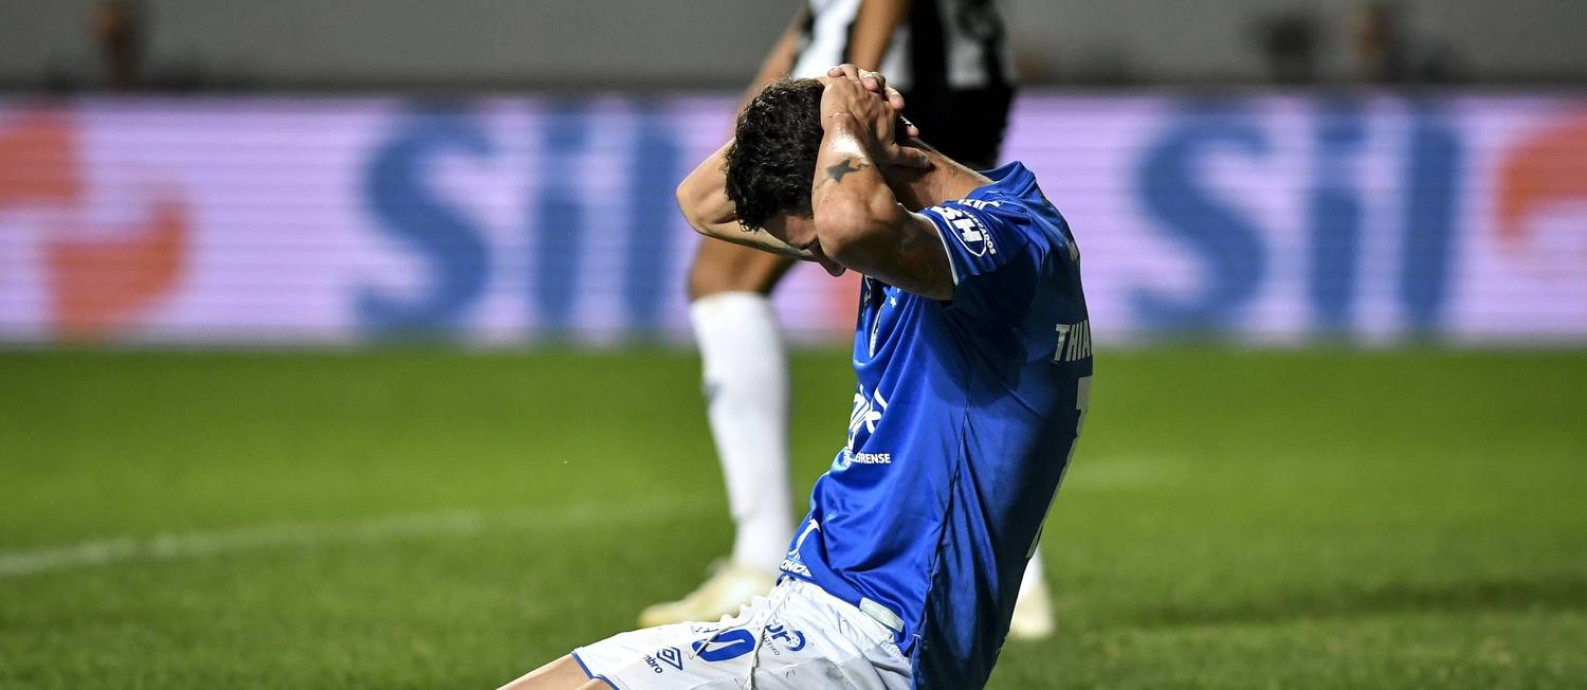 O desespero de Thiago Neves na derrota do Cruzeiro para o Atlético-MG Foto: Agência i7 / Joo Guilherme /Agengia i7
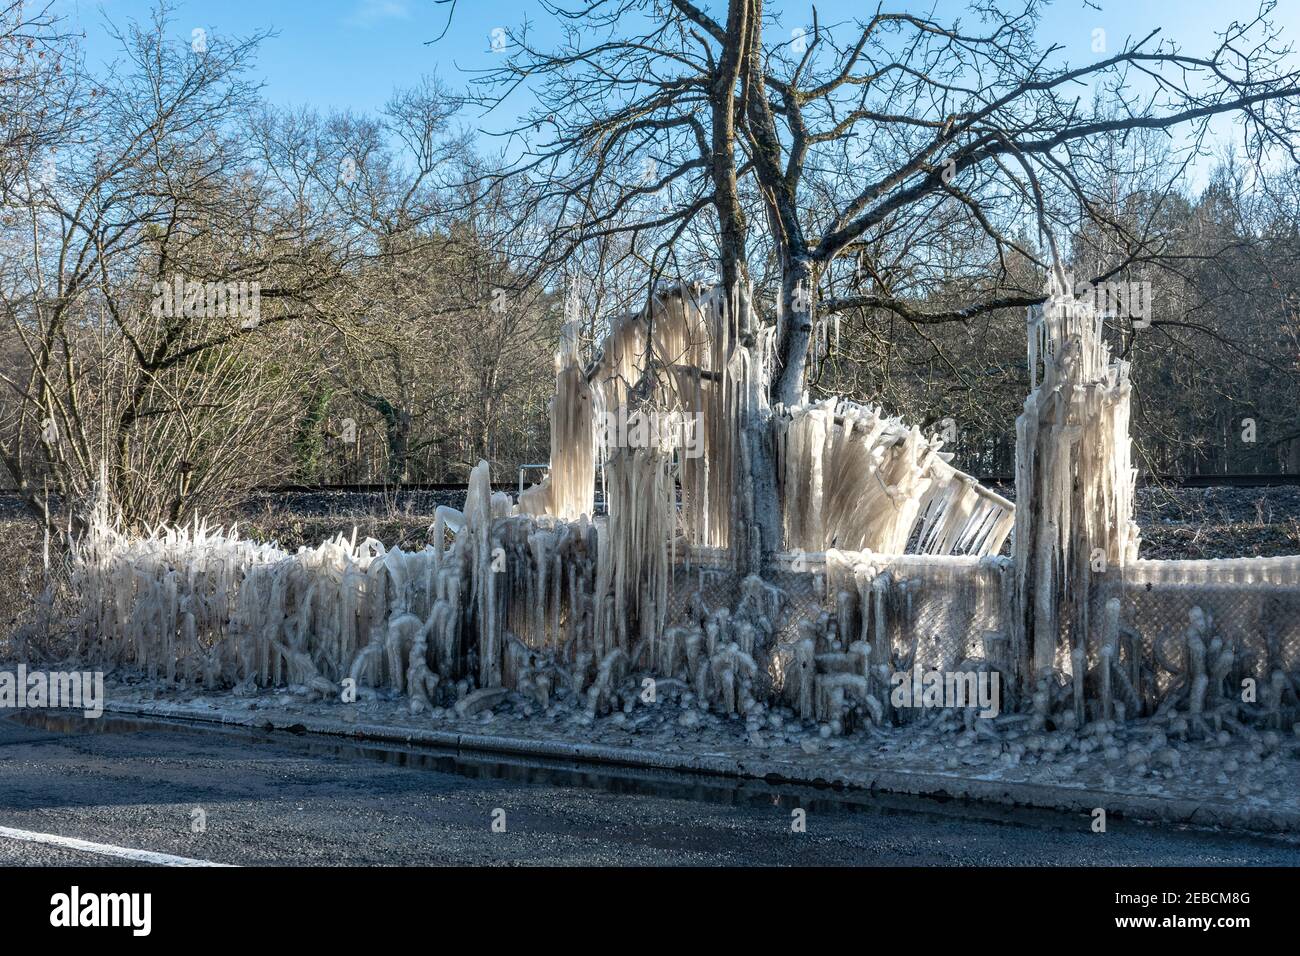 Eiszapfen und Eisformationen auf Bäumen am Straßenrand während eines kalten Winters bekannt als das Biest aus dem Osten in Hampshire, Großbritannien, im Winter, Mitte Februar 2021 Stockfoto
--
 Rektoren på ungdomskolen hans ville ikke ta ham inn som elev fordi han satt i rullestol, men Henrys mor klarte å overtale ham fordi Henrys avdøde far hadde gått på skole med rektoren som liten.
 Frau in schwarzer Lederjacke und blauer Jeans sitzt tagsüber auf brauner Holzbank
--
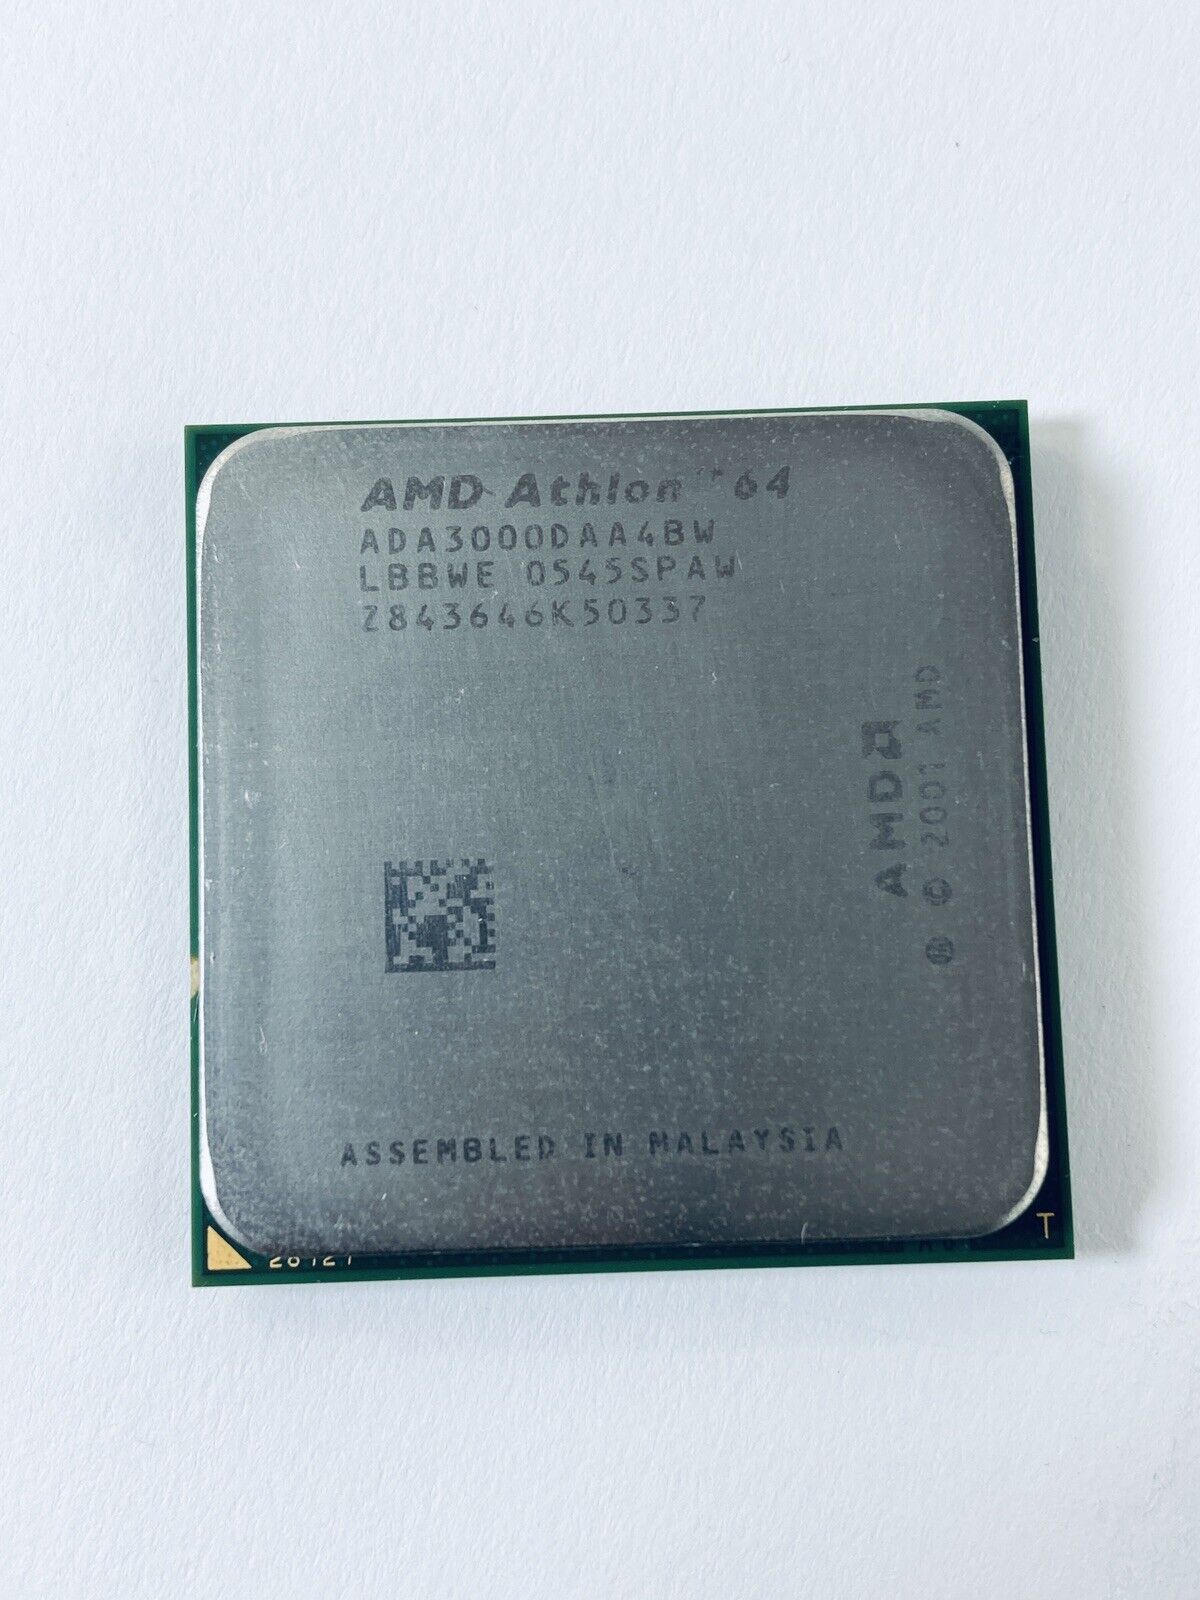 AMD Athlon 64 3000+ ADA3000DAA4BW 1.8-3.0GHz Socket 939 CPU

Assignment:
Take the material above from the line bearing "O desespero de" through the line bearing "Eiszapfen und Eisformationen" and write it out exactly, both end lines included. Pictures stay out.

Written answer:
 O desespero de Thiago Neves na derrota do Cruzeiro para o Atlético-MG Foto: Agência i7 / Joo Guilherme /Agengia i7
 Eiszapfen und Eisformationen auf Bäumen am Straßenrand während eines kalten Winters bekannt als das Biest aus dem Osten in Hampshire, Großbritannien, im Winter, Mitte Februar 2021 Stockfoto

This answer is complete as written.